My mother had decided (out of financial necessity) to do he own appliance repairs rather than to pay a repairman. She was working on the clothes washer one day and needed some muscle to loosen a bolt. I provided the muscle and mother went on with her repair job. She would check out from the library the a book about the particular repair, find the trouble, remove the offending part, and replace it. My own propensity to do the same was learned from her. And she did it in the pre-YouTube, pre-Google days. After I helped Mother with the repair, I started up the basement stairs. Lucy, who was Mother's shadow in everything, came running up after me, gave me a hug, and said she loved me for having repaired the washer. Of course, I had done very little in the process, but it felt great to have the admiration of such a sweet little girl.

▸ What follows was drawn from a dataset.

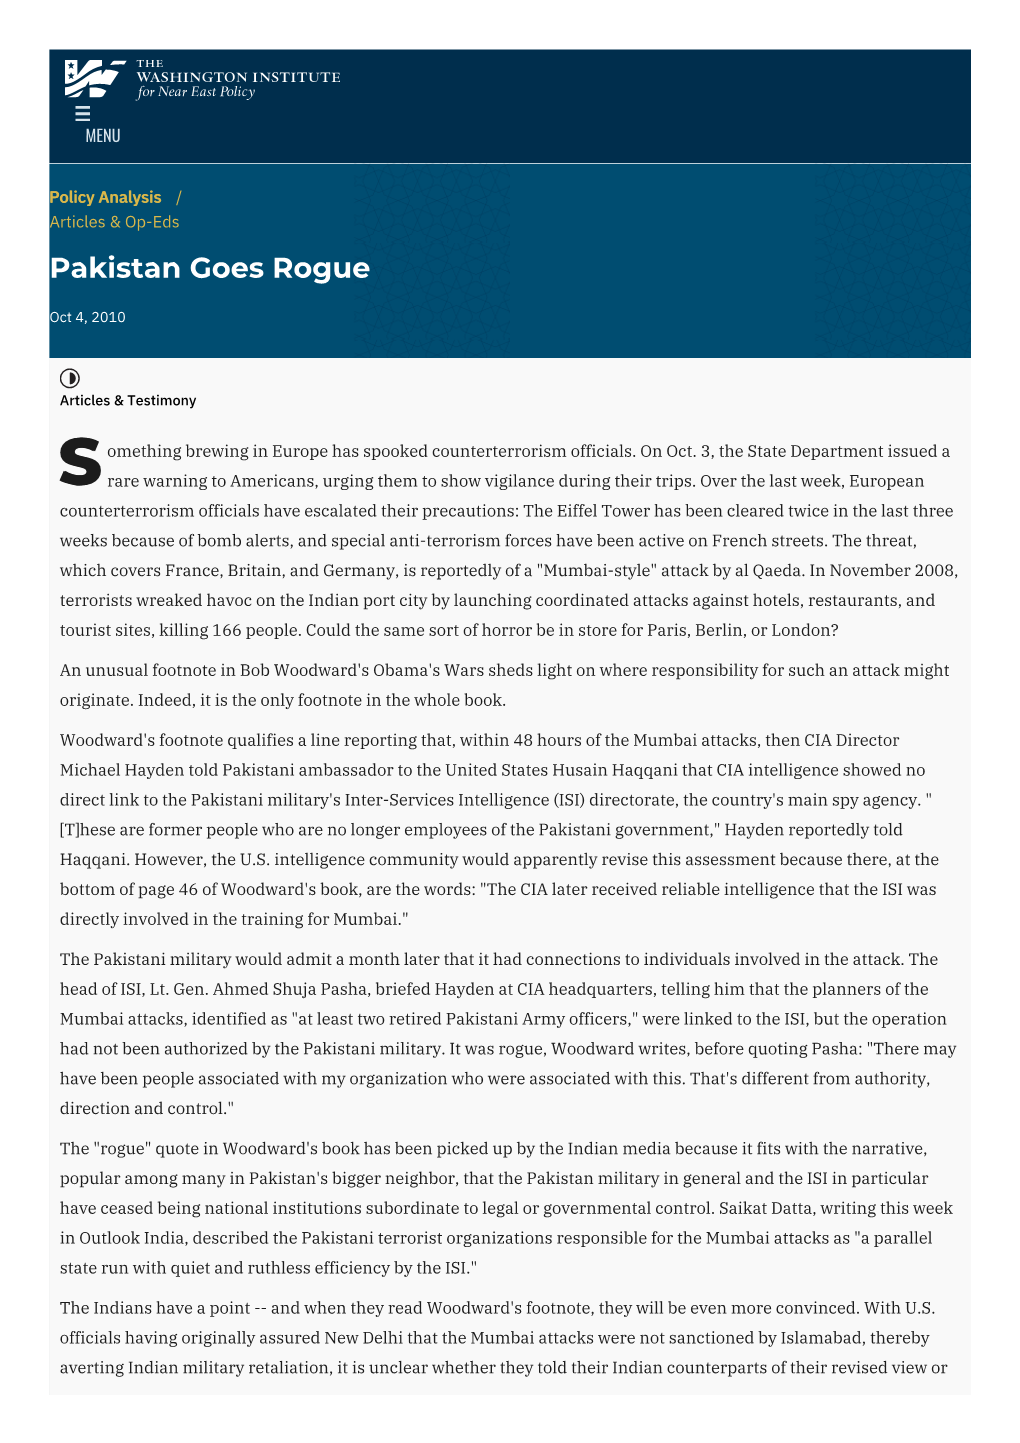 Pakistan Goes Rogue | the Washington Institute

In elementary school, Lucy and Jonny took Spanish Emersion. Mom and Dad fiddled with Spanish a little in those days as well. Lucy and Jonny also got into the business of making suckers and selling them at school. They had a set of sucker molds (the round suckers), and a variety of colors and flavors. Lucy to this day, still makes wonderful treats in her kitchen to raise money for her family.
I did not get to know Lucy as well as my older sisters, mostly because I didn't spend a lot of time at home after my mission. Soon your mother and I married, and shortly after that my parents moved to Missouri.

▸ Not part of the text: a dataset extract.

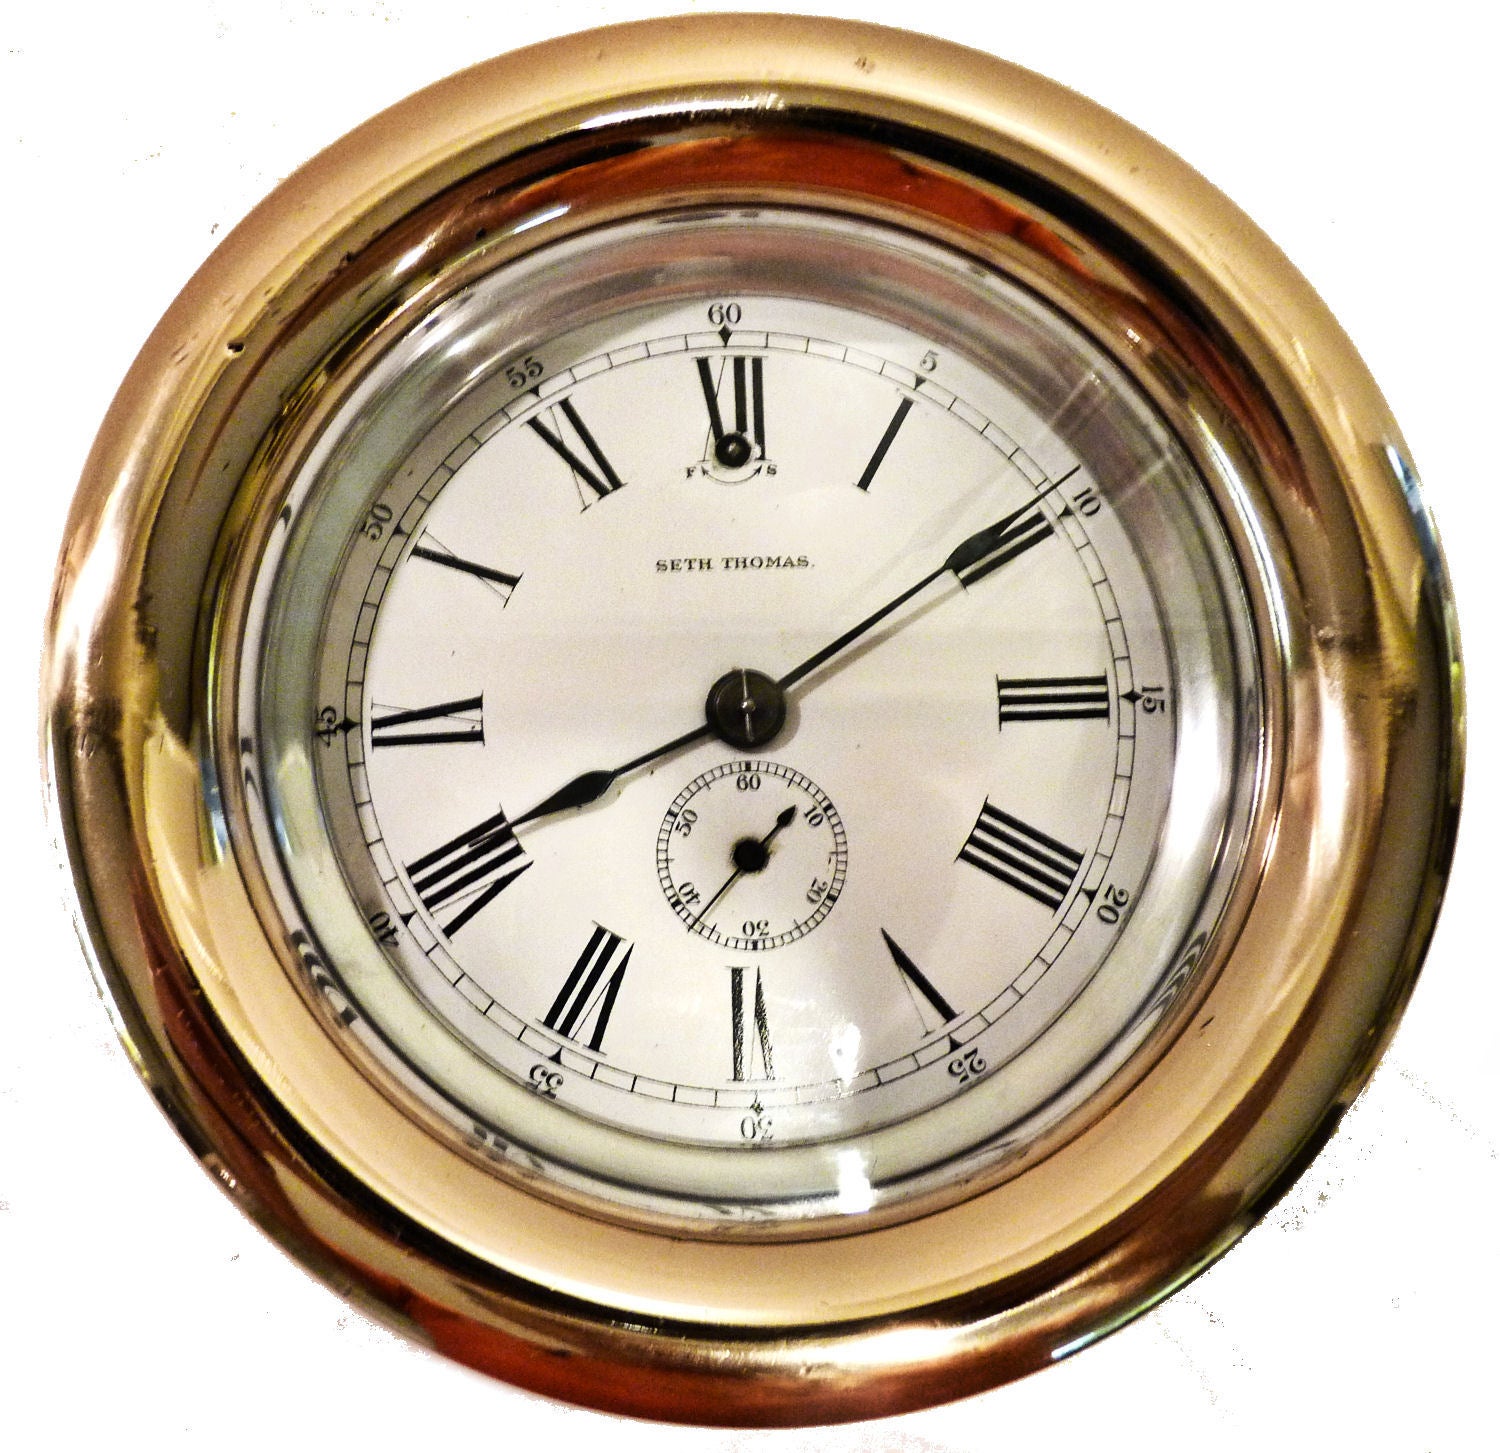 Unique Seth Thomas Side Wind Lever Ships Chronometer For Sale

Lucy tells me of the struggles she had with reading and with bullying in the public schools. The scars are deep. I didn't witness any of this, so I can only go on what little I have heard from Lucy herself. This is an unfortunate thing, because Lucy is very intelligent and could have picked up reading sooner than she did, and with less pain. On the other hand, I witness first hand what happens when the education system leaves poor, poverty stricken schools to suffer on starvation budgets and the materials are not available and the professional development is out of reach, and the technology is sub par, and the books are is sorry condition, and the buildings as well. But, Lucy had a mother that read to her.
In her teen years Lucy gave my parents a scare with some cowboy she dated. They were worried sick. Everyone was happy when Lucy converted Brian Byrd and started her family. Brian is very quiet around me and other members of the family as well. I can only suppose it has to do with difference of opinion on political matters, but it doesn't matter. Brian chooses to avoid me, and I choose to let him.
When Dad died the family (mostly Howard) worked out a plan to take care of Mother. Howard build an add on to Lucy's home where Mother would live out her days in close company of her daughter and grandchildren. Lucy's own home was partially renovated in the process. In exchange, Lucy would care for Mother, 24/7 if necessary, so that Mother wouldn't have to go to a nursing home. This was at great financial cost to Howard, and great personal cost to Lucy. She earned everything she got in the deal.
Mother was not hard to care for until the last several months, but Lucy had to take Mother to her blood and other treatments and to advocate for Mother when the doctors weren't doing their jobs. On one occasion mother was on an imaging table. Lucy in the other room could hear her crying. The Dragon Lady came out and gave the doctor what for. I know from personal experience that those imaging sessions are not always very pleasant.
Just after Mother's passing, Lucy had her last daughter whom she has named Nora. She is as sweet and wonderful as I remember Lucy being all those years ago. My father used to say that the grandmother's bring the babies, and Dad named Lucy after his mother because he felt her presence at the birth. So, little Nora was brought my her grandmother. And I suppose Nora will be blessing to Lucy to the end of her days. It's a pretty romantic story, really.